AutoPainter improves pix2pix by addition high dimensional feature and global variation loss.In arbiter, The size of PatchGAN image block is 70*70, and exports the probability matrix of 30*30.

DeepColor proposes the setting using two series networks: it is based only upon the color primaries prediction network of profile, with And the rendering web based on profile and primary colours scheme.The art work of natural look can by Color scheme that user provides and from The Color scheme of contour prediction obtains, but the colouring diversity of deepcolor has missing.

ComiColorization is directed to entire caricature for the first time and is originally coloured, and makes on multiple panels of the same role With identical color.There are two interactive modification functions: global color histogram and partial color control point.Histogram is used for face The global colouring of plate, color point are repaired kind for part.

Style2paints is similar to PaintsChainer, is carried out by adding vgg characteristic information based on reference picture The colouring of migration formula.The generation result colouring of the first generation is compared naturally, still because vgg is covered, reference picture color is corresponding to be opened up Spatial information is flutterred, the color structure over-fitting of picture to be painted is caused, cannot adaptively be painted well.The third generation PaintsTransfer can generate the good coloring effect of vision, but the local detail of color is dirty and messy.Forth generation effect obtains Significant increase, and the effect of shadow such as bloom can be added, for one of coloring system best at present, but do not include the enhancing of line original text and Also there is very big difference in animation audiovisual synesthesia part with algorithm realization of the invention.

Traditional animation creation needs the painting skill of profession, colouring experience abundant, and creates the animation figure of high quality As time-consuming and laborious.There is a problem of in current existing animation authoring system it is some have it is to be optimized, such as line original text profession enhancing, The unreasonable diffusion of the color of line original text colouring, the effect of low, the interactive colouring of the degree of intelligence of automatic colouring and user experience deficiency, The whole process of game music photograph album efficiently produces.In view of the above problems, the present invention propose using deep learning, machine learning, The state-of-the-art technologies such as audiovisual fusion build the animation drawing auxiliary authoring system based on GAN.Flexibly realize the line based on GAN and RL The enhancing of original text profession and visualization；Realize that the line original text of high-effect high-quality is painted and its visualized with interacting automatically；It realizes and is based on audiovisual The game music photograph album of fusion and affection computation generates and visualization, to participate in improve the efficiency of animation creation and user Degree, audiovisual experience degree provide more reasonable system architecture.The key technology of the animation drawing auxiliary creation based on GAN is researched and developed, Specialized for line original text, the colouring of line original text effect optimization is necessary with abundant user's audiovisual experience.

Summary of the invention

In view of the above problems, the animation drawing auxiliary creative method based on GAN that the invention proposes a kind of, realizes that line original text is special Industry, the effect optimization of line original text colouring and abundant user's audiovisual experience.

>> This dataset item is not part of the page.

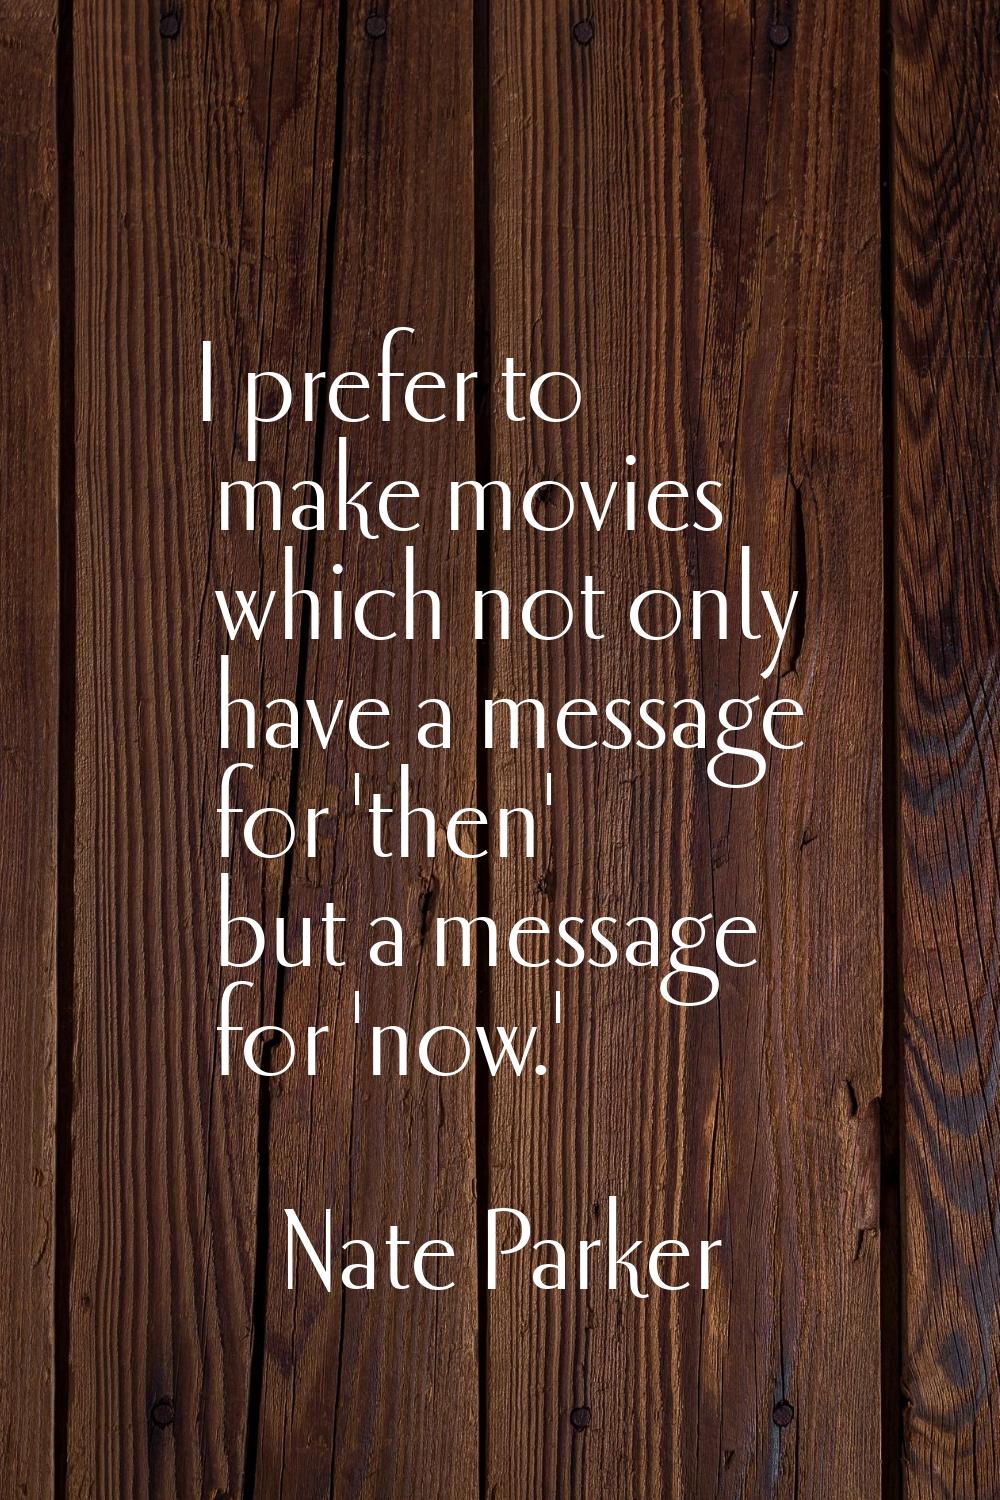 I prefer to make movies which not only have a message for 'then' but a message for 'now.'

A kind of animation drawing auxiliary creative method based on GAN of the present invention, comprising:

Step a: amateur line original text is subjected to image enhancement, obtains specialty line original text；

For amateur line original text, confrontation study is carried out using generator G and multiple dimensioned arbiter and obtains specialty line original text, is utilized Arbiter D carries out condition distinguishing to specialty line original text, obtains the generation state distribution in generator G in Policy-Gradient loss function, The full articulamentum FC layer building of arbiter D connection simultaneously is handed over and evaluates network than IOU, obtains Policy-Gradient in generator G and loses letter Reward in number；

Step b: it paints to the specialty line original text that step a is generated；

Include: to generate grayscale image and color cluster figure using true color figure and specialty line original text, is generated most based on confrontation network Whole cromogram；

The cromogram for generating final is evaluated；

Step c: game music photograph album is generated, comprising:

The colouring of animation emotion: keep animation color schemes associated with emotion, given birth at random according to the affective tag of input At corresponding color tips, color image is generated using confrontation network G AN；

Animation song emotion recognition: keeping animation song paragraph associated with emotion, obtains animation song paragraph and emotion is closed Gang mould type carries out generalization ability test to model；

Photograph album animation producing based on rhythm identification: first carrying out pumping value to audio signal, estimates function using confrontation network G AN Rate spectrum, find the frequency of stress or its harmonic wave in melody, controls the frequency of image transition and transformation accordingly.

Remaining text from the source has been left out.